DIRECTIONS FOR THIS TASK – I'd like the full listing transcribed exactly, with no images included.

DATA EXTRACT –
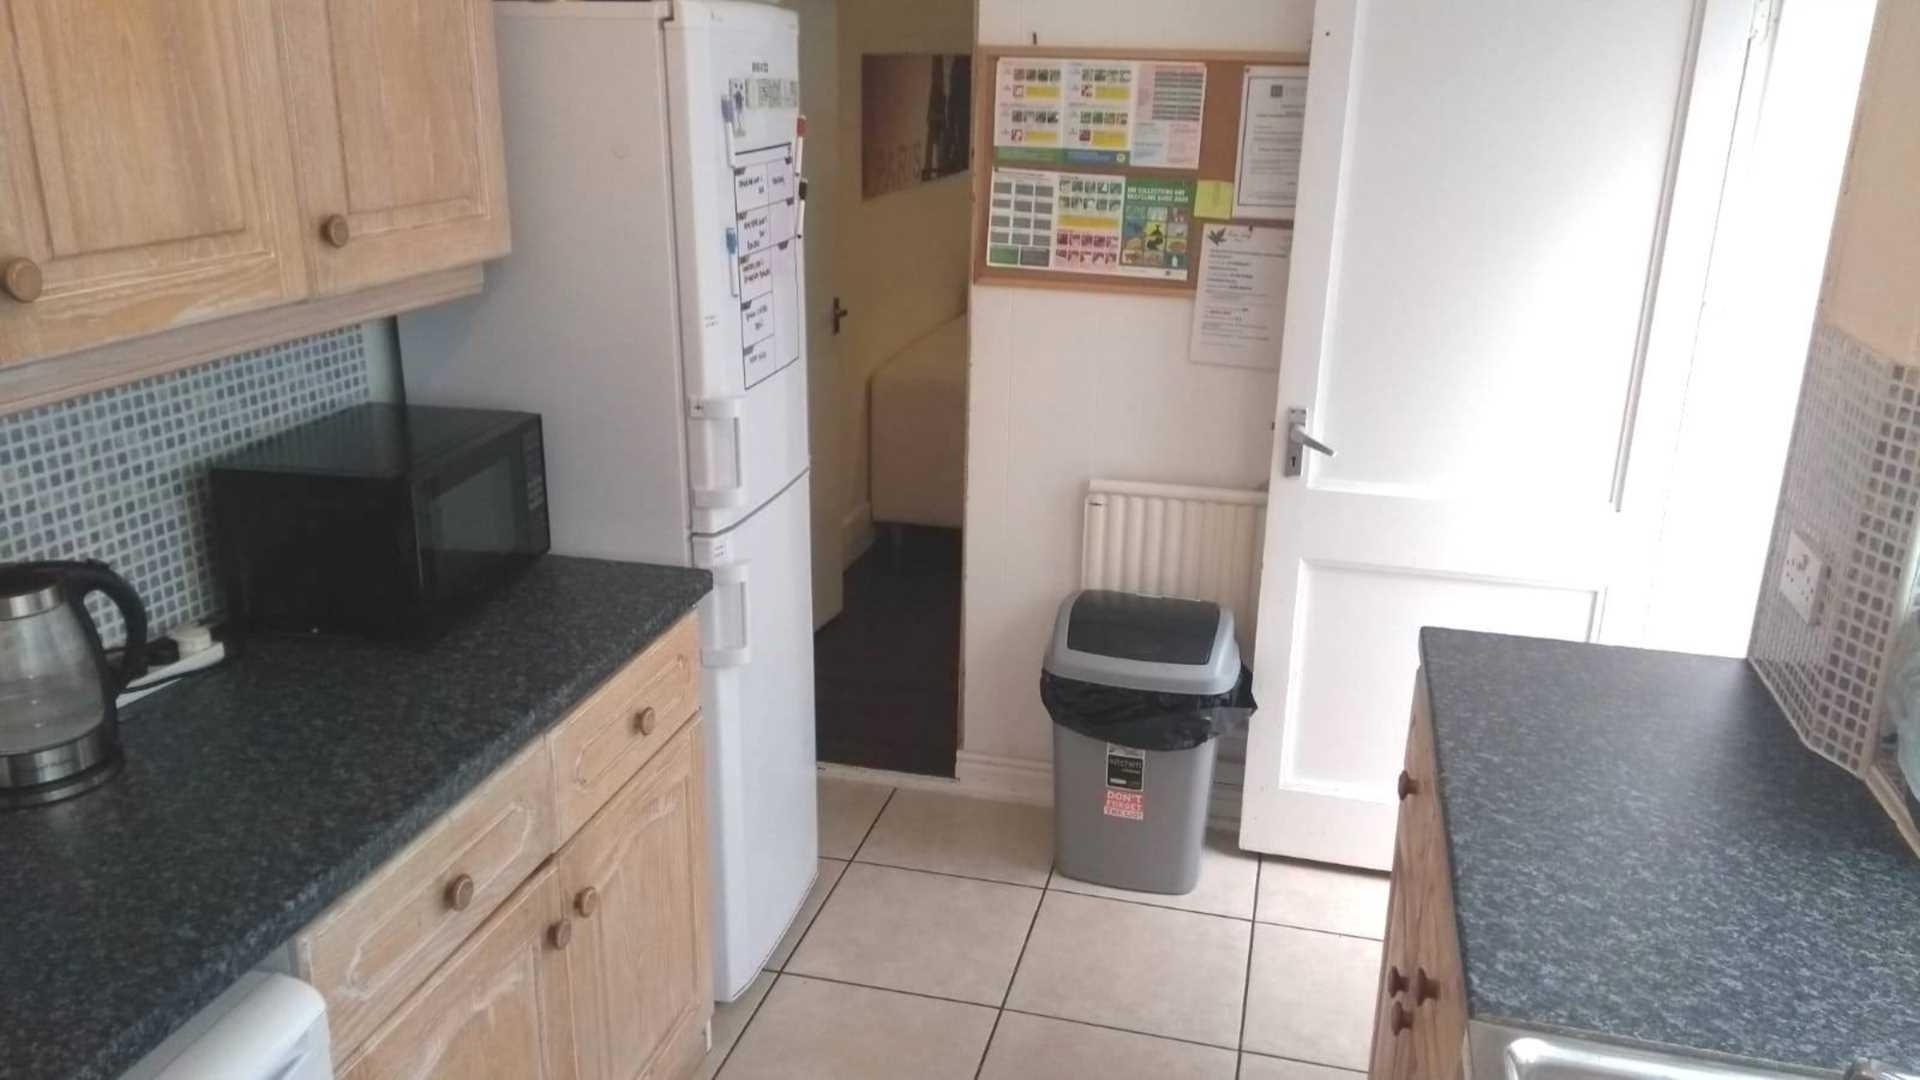 Room 3, 18 RUPERT ROAD, Guildford, GU2 7NE- NO ADMIN FEES!, Image 14
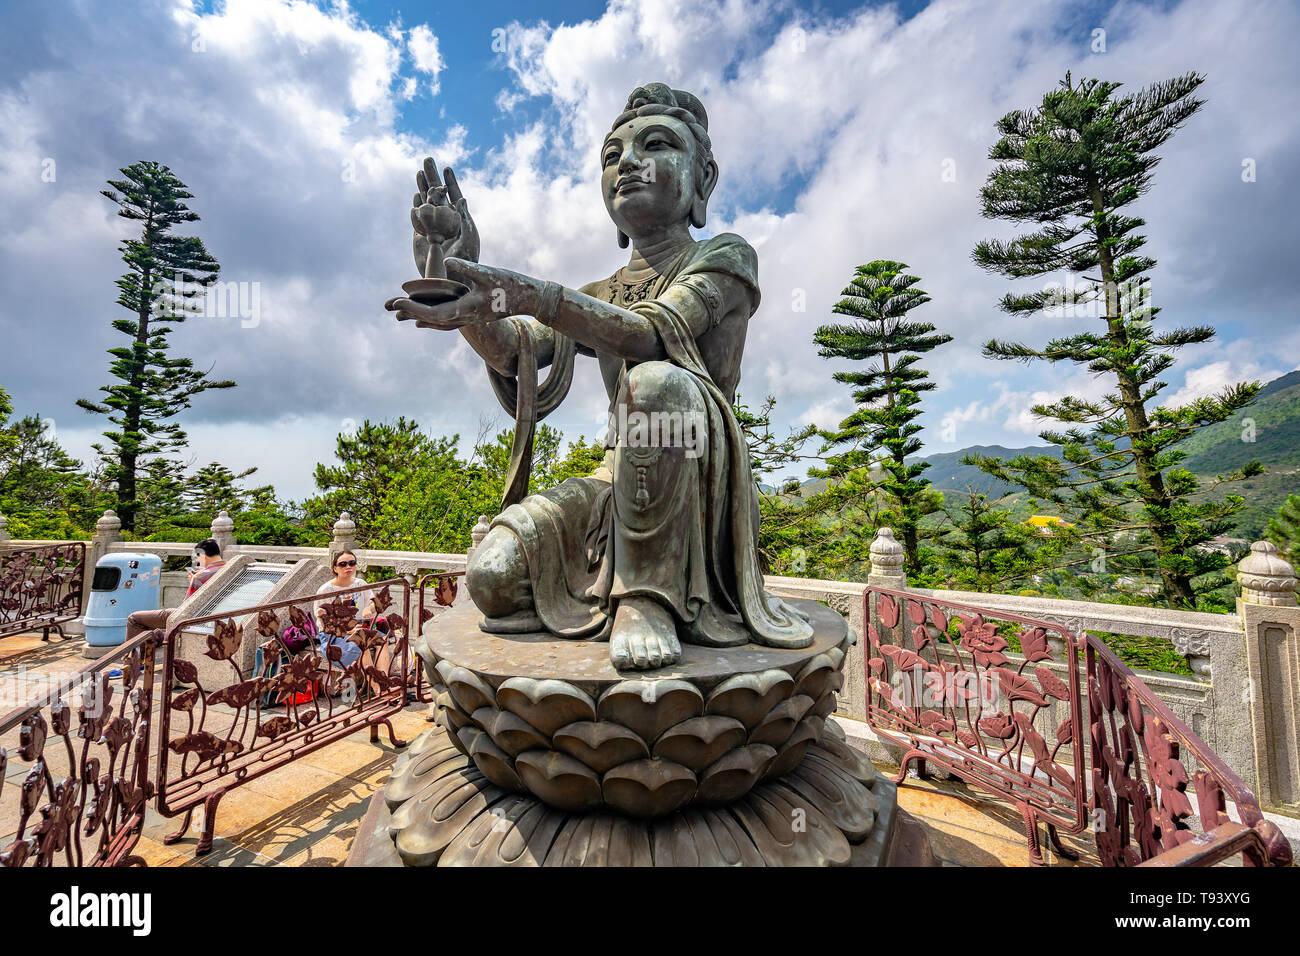 Hong Kong, China - Statues around the Big Buddha statue - Stock Image
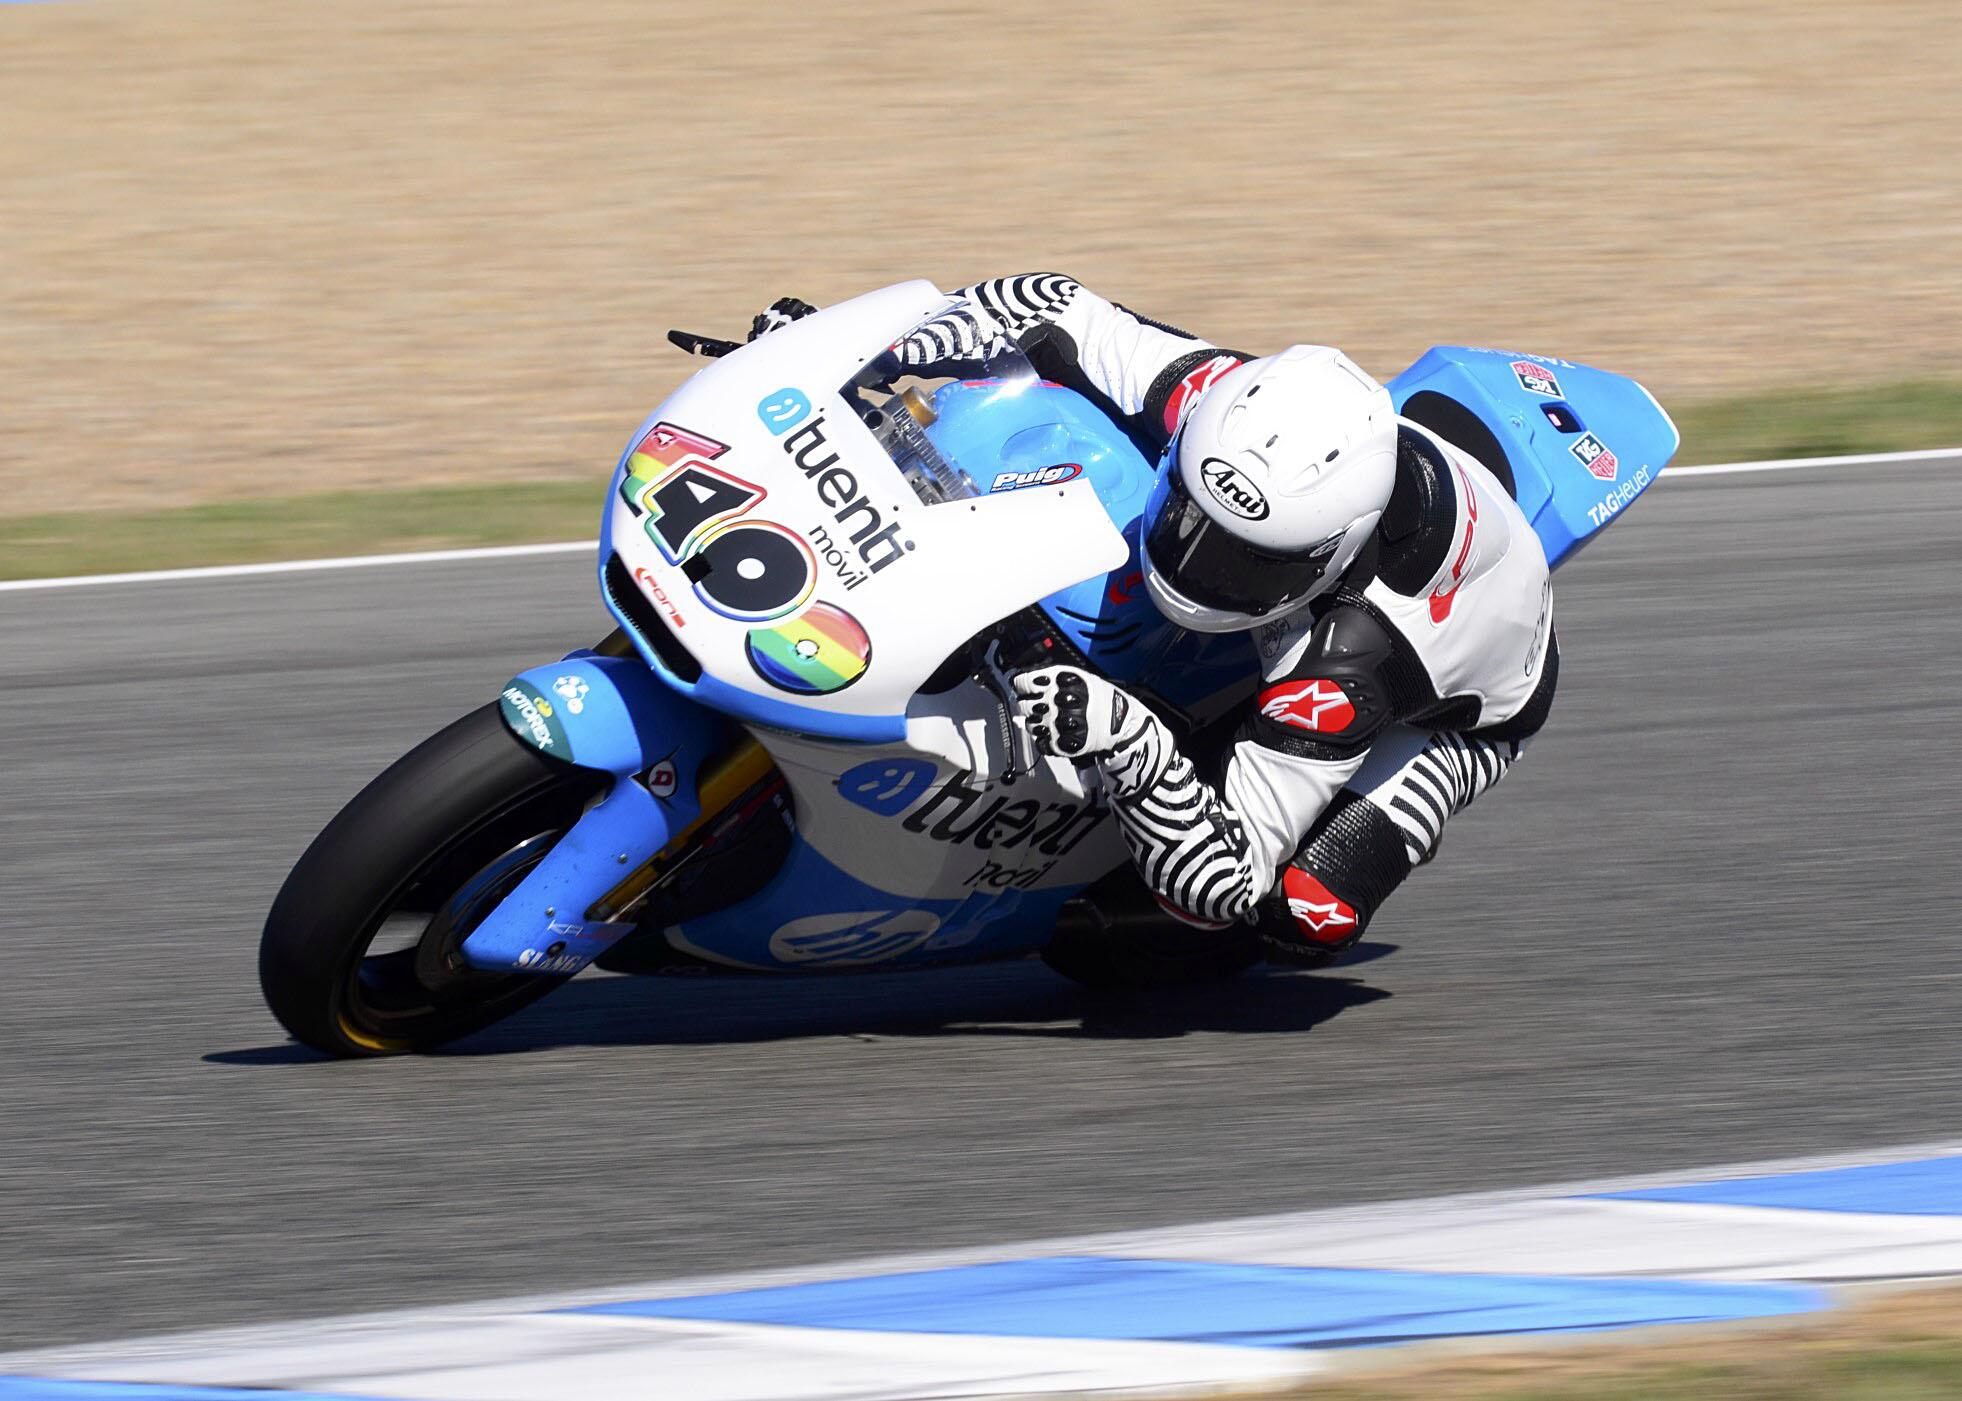 Test Moto3/Moto2 Jerez BZB8lagIEAEsW31

REPLY TO THE EXERCISE –
 Room 3, 18 RUPERT ROAD, Guildford, GU2 7NE- NO ADMIN FEES!, Image 14
 Hong Kong, China - Statues around the Big Buddha statue - Stock Image
 Test Moto3/Moto2 Jerez BZB8lagIEAEsW31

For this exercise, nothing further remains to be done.